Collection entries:
::::

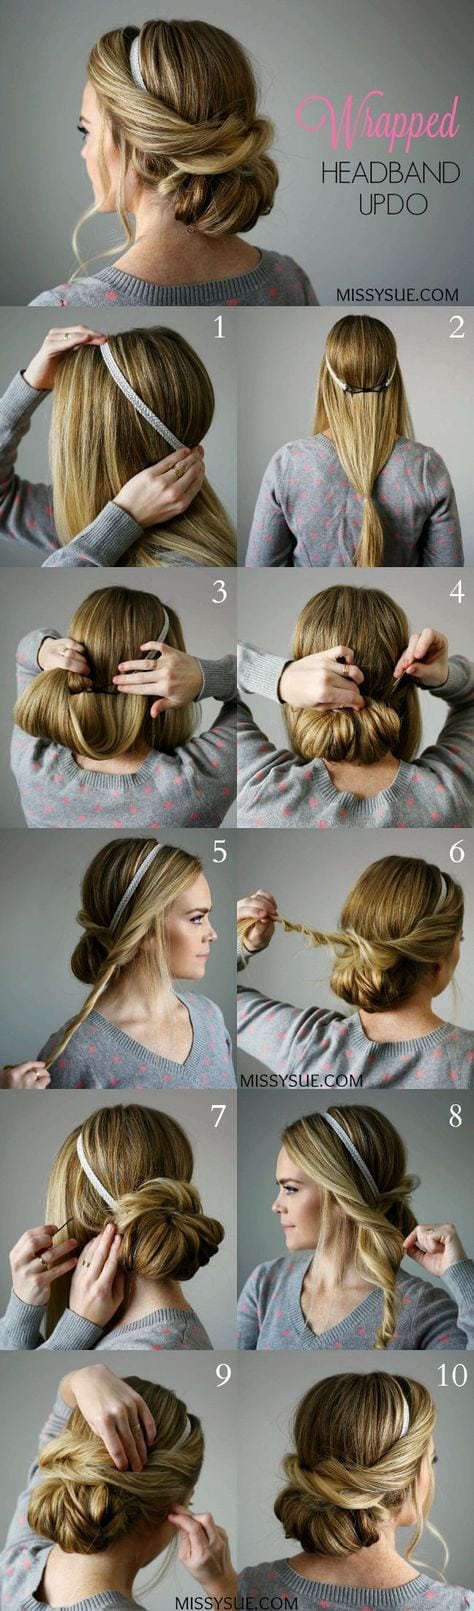 [ad_1]

25 Step By Step Tutorial For Beautiful Hair Updos ❤ – Page 2 of 5 – Trend To Wear
Source by powerupandserve
[ad_2]
			
			…
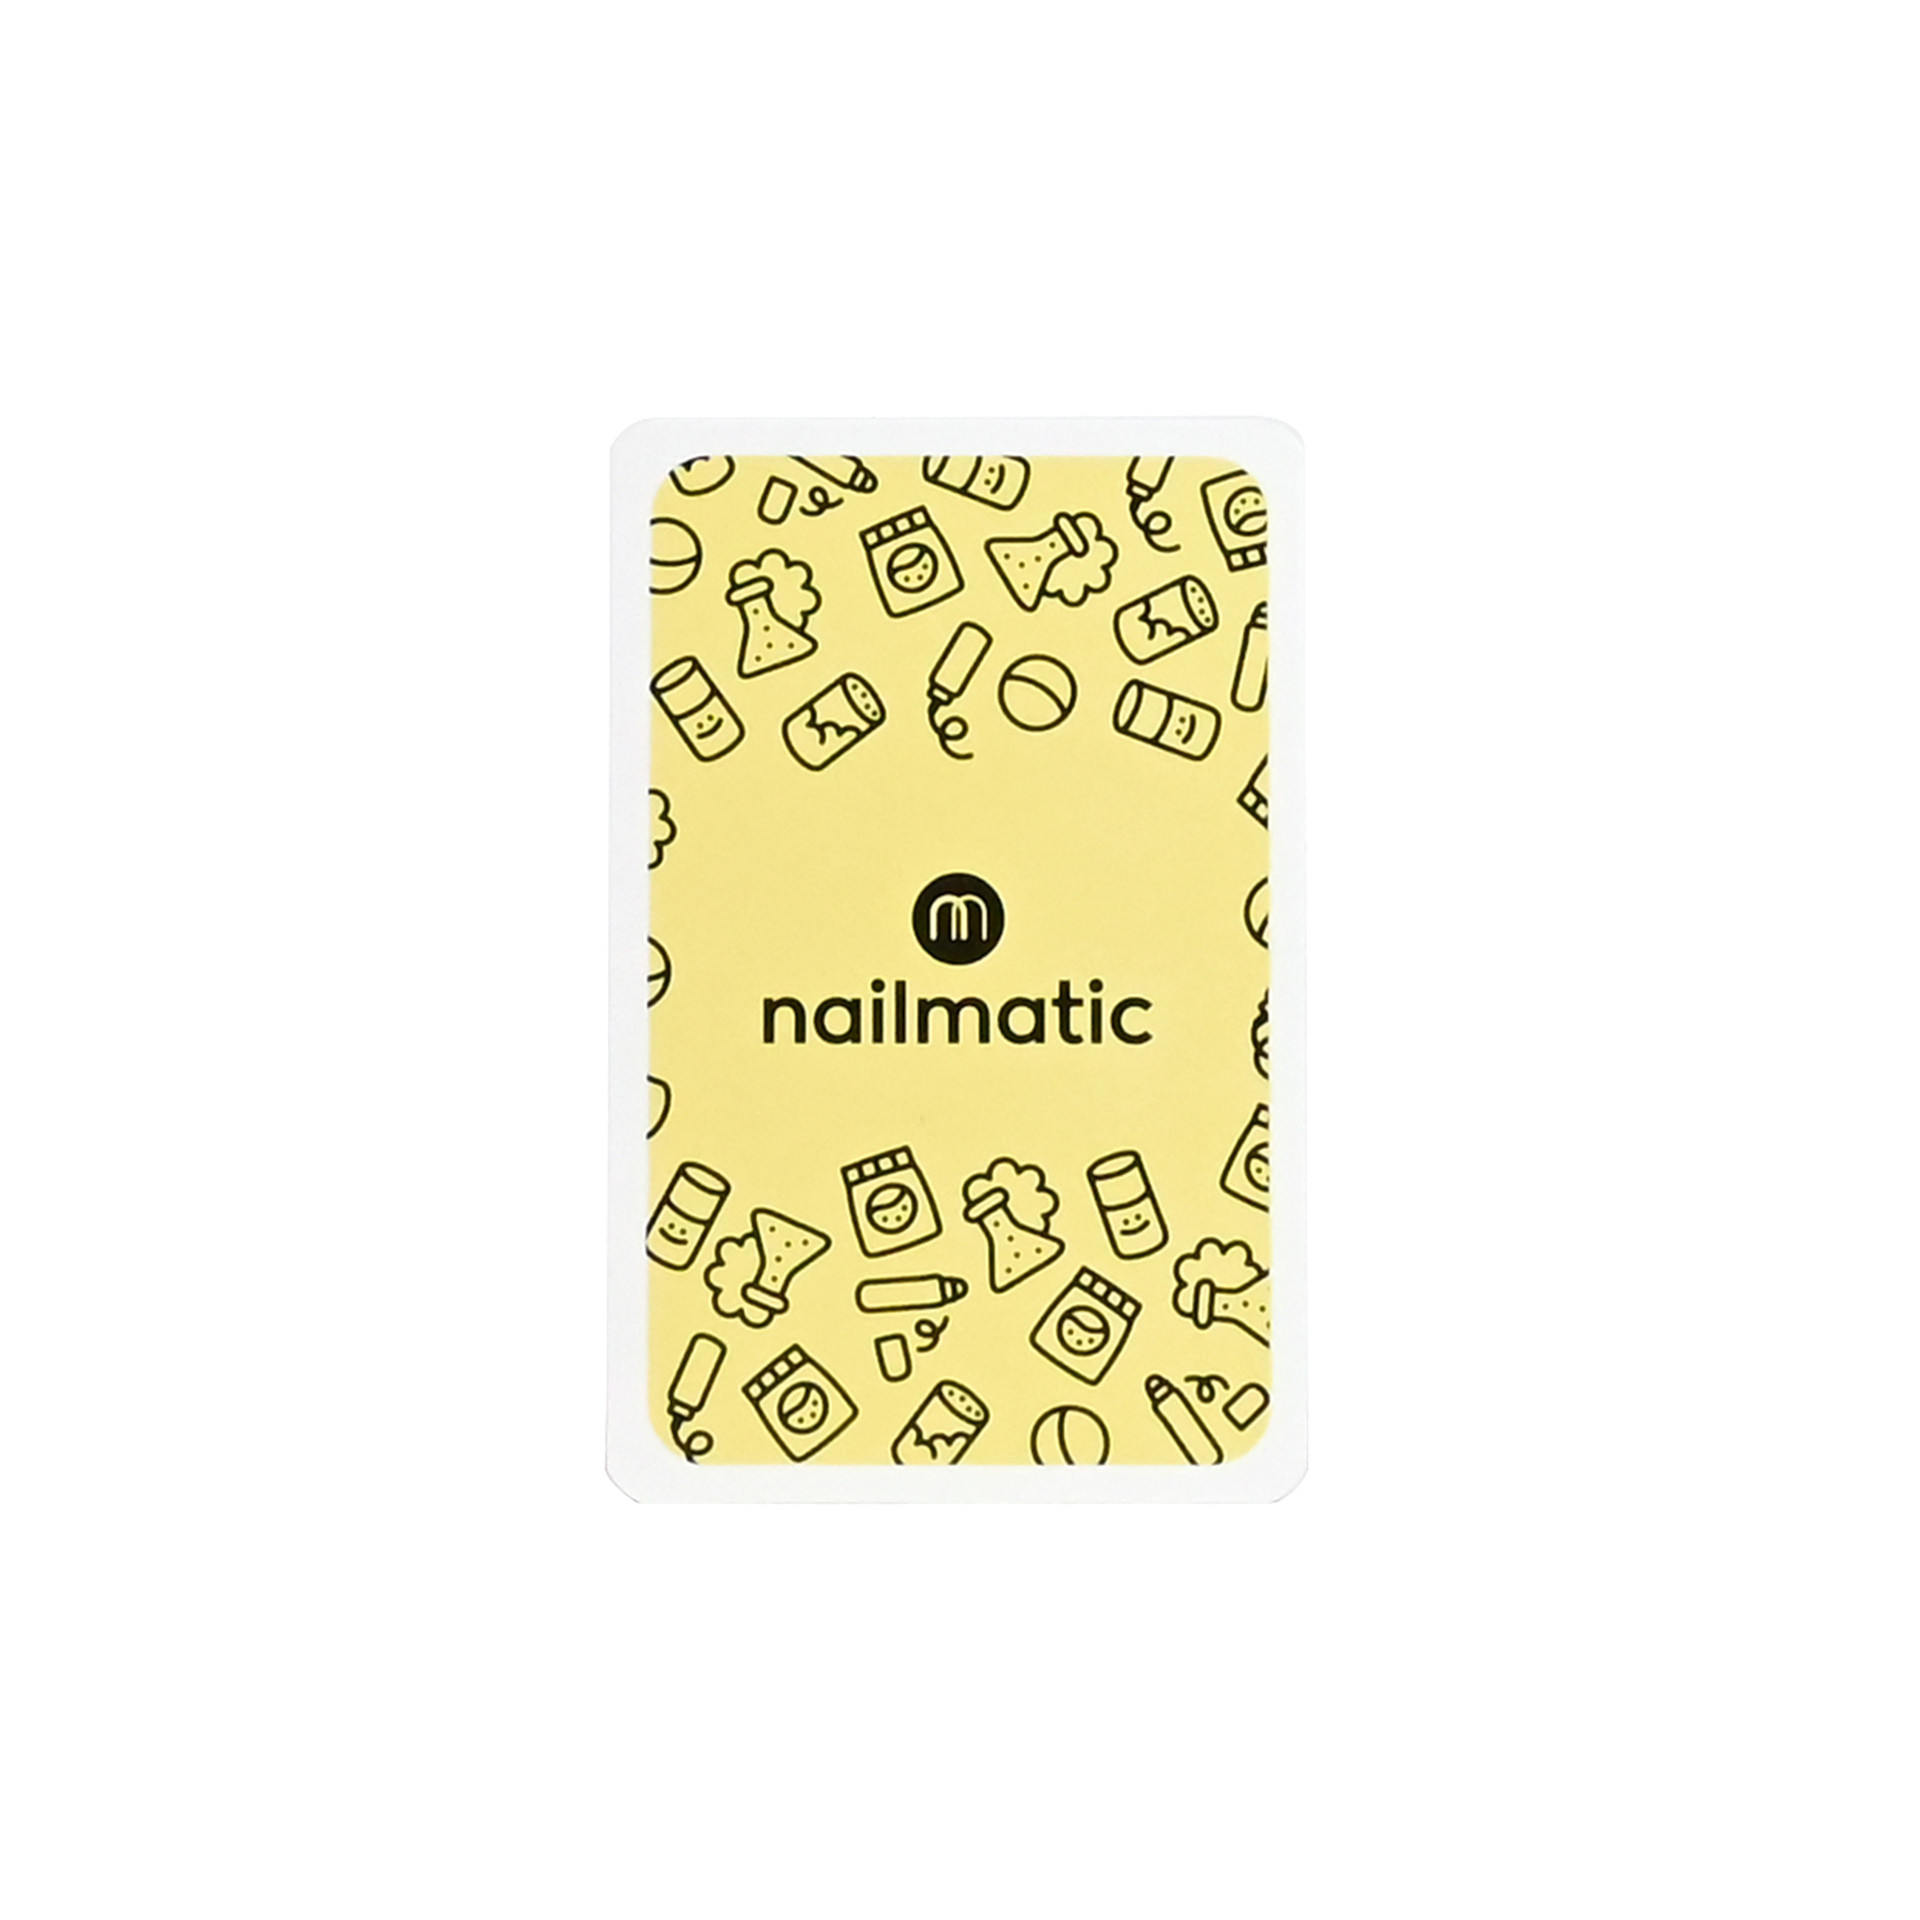 Card game 7 families nailmatic

::::

## [Prompt]
The entries above need to be transcribed word for word, and the pictures stay out.

## [Result for this exercise]
 [ad_1]

25 Step By Step Tutorial For Beautiful Hair Updos ❤ – Page 2 of 5 – Trend To Wear
Source by powerupandserve
[ad_2]
			
			…
 Card game 7 families nailmatic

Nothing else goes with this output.